* [The problem]
Here is the task for the records below: repeat exactly the lines from the one with "945 Misforståelse At" to the one with "HöSchen Hüfte Enhancers", both included, and nothing else.

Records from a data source
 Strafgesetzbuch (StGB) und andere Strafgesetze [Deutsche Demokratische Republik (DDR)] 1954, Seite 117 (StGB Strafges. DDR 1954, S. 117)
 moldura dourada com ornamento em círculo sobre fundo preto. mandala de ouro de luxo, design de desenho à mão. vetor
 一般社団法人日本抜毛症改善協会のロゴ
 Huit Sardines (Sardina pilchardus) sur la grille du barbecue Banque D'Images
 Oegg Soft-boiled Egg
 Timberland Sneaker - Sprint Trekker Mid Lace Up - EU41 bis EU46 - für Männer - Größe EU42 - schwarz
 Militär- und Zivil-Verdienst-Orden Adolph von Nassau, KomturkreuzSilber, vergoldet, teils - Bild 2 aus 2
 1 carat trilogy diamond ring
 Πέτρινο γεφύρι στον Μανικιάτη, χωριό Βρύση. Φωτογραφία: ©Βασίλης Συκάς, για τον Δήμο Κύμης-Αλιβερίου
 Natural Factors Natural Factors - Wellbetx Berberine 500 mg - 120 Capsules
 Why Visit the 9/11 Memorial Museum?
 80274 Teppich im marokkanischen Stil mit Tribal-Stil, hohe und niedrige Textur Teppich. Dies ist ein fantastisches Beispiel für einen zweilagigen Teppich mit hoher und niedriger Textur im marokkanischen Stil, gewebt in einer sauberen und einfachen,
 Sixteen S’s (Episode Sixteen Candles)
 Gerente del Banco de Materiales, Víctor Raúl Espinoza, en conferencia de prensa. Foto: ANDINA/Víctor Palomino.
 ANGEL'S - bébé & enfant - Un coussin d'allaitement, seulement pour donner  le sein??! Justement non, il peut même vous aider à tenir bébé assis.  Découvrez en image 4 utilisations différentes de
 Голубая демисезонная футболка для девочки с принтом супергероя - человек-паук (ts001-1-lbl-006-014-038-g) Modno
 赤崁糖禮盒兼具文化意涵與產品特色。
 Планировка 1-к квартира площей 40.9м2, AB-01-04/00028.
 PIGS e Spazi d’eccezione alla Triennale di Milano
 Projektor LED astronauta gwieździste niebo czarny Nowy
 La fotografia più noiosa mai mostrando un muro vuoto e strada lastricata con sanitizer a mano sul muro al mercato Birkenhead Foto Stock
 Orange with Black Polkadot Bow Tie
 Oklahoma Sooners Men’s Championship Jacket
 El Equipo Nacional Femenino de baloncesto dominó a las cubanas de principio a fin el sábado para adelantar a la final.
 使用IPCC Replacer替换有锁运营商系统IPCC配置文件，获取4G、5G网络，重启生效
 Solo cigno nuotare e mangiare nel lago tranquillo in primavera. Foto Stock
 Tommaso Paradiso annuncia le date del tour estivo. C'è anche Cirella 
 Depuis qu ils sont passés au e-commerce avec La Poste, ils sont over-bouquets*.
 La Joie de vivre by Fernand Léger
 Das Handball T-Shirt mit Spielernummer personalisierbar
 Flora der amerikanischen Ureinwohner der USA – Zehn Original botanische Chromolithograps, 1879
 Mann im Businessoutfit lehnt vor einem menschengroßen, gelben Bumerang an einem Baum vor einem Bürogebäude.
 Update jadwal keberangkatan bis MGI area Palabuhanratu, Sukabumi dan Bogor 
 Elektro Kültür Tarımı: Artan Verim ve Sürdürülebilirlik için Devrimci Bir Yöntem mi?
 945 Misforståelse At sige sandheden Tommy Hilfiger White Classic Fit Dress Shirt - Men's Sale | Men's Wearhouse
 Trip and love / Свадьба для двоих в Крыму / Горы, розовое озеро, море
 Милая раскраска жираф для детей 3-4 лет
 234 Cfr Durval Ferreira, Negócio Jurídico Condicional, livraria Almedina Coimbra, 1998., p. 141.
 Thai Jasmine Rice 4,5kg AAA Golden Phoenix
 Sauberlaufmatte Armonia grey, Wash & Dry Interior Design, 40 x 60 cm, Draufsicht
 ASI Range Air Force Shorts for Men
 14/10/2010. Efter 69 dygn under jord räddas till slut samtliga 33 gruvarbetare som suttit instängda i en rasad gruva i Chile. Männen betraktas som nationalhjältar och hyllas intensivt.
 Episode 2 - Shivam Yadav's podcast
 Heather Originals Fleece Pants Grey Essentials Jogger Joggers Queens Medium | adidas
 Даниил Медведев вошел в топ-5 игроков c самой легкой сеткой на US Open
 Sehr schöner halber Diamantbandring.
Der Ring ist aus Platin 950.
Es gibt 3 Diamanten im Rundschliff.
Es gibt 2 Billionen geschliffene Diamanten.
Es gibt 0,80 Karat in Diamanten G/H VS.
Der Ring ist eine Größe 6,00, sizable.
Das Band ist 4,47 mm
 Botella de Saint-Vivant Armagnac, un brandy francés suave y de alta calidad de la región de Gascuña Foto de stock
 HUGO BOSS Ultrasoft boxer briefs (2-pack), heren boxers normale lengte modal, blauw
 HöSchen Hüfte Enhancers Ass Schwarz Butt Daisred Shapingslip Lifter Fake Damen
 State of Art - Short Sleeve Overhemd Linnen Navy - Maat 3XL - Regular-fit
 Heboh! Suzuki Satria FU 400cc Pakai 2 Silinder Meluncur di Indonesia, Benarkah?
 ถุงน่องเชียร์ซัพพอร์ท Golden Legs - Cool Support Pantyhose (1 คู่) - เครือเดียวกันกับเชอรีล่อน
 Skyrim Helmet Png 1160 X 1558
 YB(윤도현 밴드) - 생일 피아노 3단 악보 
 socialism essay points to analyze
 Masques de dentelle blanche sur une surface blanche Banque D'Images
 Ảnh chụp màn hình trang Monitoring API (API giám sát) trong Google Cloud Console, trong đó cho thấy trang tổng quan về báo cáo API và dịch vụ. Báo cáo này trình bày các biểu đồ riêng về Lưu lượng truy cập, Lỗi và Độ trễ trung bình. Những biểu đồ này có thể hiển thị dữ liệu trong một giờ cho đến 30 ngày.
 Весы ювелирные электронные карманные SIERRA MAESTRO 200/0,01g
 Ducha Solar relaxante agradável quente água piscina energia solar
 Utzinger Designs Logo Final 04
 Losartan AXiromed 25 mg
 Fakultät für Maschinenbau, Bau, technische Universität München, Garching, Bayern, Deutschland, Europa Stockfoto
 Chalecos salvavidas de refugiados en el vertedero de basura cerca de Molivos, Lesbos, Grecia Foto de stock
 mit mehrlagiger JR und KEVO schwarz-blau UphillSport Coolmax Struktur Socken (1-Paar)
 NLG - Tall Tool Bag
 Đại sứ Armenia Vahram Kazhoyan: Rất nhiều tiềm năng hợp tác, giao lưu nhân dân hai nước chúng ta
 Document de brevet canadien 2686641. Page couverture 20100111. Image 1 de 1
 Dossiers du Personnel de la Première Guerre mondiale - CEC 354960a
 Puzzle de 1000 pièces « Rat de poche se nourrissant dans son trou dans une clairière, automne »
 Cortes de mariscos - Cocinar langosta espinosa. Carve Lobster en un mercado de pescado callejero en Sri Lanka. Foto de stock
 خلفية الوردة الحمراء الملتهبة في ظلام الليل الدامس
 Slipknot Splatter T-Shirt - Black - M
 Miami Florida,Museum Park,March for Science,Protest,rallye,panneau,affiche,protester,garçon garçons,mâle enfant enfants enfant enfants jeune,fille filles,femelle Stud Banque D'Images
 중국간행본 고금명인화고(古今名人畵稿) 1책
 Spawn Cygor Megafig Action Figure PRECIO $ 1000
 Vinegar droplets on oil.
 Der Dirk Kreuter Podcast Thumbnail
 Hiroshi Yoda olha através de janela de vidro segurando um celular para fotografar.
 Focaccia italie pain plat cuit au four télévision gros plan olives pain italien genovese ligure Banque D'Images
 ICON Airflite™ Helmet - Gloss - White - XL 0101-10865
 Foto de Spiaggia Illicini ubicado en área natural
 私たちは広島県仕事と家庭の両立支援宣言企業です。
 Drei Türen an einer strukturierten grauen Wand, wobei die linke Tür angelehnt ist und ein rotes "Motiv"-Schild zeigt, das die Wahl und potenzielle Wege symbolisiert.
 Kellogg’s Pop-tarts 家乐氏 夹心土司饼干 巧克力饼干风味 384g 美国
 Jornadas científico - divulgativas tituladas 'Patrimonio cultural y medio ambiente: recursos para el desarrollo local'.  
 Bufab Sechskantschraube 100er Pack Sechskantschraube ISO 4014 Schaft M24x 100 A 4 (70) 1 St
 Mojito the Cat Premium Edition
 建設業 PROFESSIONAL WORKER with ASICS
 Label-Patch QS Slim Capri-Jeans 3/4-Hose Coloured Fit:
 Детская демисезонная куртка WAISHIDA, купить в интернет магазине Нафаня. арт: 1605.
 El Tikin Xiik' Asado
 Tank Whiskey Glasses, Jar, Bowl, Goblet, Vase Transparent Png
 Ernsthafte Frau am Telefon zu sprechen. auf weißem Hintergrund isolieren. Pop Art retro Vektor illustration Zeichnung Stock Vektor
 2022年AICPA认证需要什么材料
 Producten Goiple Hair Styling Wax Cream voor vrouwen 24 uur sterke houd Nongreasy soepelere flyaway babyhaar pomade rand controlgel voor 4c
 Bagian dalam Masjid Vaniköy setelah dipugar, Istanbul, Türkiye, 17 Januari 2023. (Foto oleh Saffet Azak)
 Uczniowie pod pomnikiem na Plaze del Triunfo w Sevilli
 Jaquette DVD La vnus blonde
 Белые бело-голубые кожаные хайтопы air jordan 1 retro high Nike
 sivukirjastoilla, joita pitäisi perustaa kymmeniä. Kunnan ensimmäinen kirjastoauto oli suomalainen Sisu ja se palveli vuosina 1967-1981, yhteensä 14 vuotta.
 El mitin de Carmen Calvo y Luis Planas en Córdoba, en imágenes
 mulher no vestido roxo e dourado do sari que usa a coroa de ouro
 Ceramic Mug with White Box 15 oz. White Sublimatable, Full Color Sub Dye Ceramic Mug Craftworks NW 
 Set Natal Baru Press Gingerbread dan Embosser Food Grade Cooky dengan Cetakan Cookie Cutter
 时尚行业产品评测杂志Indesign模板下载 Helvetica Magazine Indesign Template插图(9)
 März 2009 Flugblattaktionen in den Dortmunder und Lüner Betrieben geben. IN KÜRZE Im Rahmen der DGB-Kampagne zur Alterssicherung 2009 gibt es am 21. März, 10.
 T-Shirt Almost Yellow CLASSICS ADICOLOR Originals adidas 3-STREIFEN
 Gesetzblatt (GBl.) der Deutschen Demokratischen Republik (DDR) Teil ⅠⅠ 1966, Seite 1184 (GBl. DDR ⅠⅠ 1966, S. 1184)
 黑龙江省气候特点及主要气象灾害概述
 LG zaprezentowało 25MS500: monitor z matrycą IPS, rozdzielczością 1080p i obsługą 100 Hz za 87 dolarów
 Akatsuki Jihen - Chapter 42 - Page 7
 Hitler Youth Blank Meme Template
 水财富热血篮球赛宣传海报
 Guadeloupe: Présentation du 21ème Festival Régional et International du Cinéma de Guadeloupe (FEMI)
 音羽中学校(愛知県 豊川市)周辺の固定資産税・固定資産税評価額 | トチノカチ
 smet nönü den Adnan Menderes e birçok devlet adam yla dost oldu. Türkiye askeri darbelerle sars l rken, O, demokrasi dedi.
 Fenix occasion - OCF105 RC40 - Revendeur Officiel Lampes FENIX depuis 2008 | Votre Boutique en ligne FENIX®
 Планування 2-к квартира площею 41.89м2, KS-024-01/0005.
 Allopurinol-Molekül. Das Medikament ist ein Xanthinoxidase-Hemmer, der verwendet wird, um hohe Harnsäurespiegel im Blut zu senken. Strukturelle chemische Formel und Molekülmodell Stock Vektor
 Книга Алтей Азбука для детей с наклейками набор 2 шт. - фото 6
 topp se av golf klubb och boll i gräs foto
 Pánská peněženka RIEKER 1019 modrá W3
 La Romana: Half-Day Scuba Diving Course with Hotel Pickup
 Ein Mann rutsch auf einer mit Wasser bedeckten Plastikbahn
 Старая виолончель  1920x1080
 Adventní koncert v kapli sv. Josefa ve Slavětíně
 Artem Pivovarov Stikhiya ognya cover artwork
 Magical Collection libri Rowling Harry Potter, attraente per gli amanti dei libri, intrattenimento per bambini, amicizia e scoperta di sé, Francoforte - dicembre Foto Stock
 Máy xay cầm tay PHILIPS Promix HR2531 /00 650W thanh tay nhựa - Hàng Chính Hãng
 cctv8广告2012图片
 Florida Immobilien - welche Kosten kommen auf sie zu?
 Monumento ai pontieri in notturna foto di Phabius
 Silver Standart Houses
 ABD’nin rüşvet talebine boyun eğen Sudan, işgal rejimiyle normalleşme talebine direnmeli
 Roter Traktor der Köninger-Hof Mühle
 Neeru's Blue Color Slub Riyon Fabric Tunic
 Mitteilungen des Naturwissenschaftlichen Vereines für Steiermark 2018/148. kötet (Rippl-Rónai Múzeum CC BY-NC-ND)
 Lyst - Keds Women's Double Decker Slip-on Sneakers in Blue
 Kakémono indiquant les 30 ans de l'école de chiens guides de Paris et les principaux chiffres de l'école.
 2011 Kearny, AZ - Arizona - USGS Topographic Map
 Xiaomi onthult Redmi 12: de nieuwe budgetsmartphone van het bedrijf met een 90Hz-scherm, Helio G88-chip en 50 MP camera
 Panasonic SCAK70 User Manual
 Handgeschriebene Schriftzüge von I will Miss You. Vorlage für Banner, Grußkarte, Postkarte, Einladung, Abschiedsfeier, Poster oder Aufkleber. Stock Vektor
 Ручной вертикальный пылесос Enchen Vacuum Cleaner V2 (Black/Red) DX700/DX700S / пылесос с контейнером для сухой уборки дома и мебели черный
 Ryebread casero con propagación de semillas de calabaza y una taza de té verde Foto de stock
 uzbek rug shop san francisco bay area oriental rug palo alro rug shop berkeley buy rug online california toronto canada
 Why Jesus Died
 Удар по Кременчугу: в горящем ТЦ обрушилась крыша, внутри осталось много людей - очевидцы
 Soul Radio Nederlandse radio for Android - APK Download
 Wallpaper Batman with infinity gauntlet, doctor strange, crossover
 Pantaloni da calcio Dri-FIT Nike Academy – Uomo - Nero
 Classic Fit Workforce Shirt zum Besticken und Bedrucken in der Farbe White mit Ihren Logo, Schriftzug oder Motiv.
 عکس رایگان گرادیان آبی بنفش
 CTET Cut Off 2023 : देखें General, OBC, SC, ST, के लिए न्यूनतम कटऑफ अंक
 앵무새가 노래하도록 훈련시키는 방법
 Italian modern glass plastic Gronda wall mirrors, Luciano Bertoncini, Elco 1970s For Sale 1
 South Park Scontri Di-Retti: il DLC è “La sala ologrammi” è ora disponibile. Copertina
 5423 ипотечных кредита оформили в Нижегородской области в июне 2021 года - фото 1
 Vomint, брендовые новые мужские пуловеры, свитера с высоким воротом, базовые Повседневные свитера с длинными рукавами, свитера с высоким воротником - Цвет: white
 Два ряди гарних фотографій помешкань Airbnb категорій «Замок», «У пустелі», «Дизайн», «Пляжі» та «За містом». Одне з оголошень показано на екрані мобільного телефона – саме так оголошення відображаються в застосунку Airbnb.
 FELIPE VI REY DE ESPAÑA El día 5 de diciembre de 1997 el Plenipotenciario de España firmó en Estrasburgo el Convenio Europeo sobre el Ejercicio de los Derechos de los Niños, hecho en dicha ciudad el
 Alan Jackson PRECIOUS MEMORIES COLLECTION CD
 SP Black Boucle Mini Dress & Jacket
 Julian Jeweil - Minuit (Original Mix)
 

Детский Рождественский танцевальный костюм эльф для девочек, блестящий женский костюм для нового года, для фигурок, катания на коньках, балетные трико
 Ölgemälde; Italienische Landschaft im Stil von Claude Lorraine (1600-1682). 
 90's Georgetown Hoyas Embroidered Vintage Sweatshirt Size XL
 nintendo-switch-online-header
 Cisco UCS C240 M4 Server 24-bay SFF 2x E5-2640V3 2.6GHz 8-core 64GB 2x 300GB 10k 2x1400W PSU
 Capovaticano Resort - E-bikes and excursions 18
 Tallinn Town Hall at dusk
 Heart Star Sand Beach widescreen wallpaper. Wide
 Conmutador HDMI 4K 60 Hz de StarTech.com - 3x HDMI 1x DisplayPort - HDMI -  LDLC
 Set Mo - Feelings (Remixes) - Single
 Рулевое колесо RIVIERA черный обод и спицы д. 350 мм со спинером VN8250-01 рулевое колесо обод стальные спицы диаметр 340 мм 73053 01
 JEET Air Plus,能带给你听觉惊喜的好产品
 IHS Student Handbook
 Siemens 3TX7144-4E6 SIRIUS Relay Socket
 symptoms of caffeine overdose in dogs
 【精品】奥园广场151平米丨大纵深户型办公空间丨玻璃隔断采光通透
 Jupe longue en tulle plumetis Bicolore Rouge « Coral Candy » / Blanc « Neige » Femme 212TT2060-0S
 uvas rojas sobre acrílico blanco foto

* [Your response]
 945 Misforståelse At sige sandheden Tommy Hilfiger White Classic Fit Dress Shirt - Men's Sale | Men's Wearhouse
 Trip and love / Свадьба для двоих в Крыму / Горы, розовое озеро, море
 Милая раскраска жираф для детей 3-4 лет
 234 Cfr Durval Ferreira, Negócio Jurídico Condicional, livraria Almedina Coimbra, 1998., p. 141.
 Thai Jasmine Rice 4,5kg AAA Golden Phoenix
 Sauberlaufmatte Armonia grey, Wash & Dry Interior Design, 40 x 60 cm, Draufsicht
 ASI Range Air Force Shorts for Men
 14/10/2010. Efter 69 dygn under jord räddas till slut samtliga 33 gruvarbetare som suttit instängda i en rasad gruva i Chile. Männen betraktas som nationalhjältar och hyllas intensivt.
 Episode 2 - Shivam Yadav's podcast
 Heather Originals Fleece Pants Grey Essentials Jogger Joggers Queens Medium | adidas
 Даниил Медведев вошел в топ-5 игроков c самой легкой сеткой на US Open
 Sehr schöner halber Diamantbandring.
Der Ring ist aus Platin 950.
Es gibt 3 Diamanten im Rundschliff.
Es gibt 2 Billionen geschliffene Diamanten.
Es gibt 0,80 Karat in Diamanten G/H VS.
Der Ring ist eine Größe 6,00, sizable.
Das Band ist 4,47 mm
 Botella de Saint-Vivant Armagnac, un brandy francés suave y de alta calidad de la región de Gascuña Foto de stock
 HUGO BOSS Ultrasoft boxer briefs (2-pack), heren boxers normale lengte modal, blauw
 HöSchen Hüfte Enhancers Ass Schwarz Butt Daisred Shapingslip Lifter Fake Damen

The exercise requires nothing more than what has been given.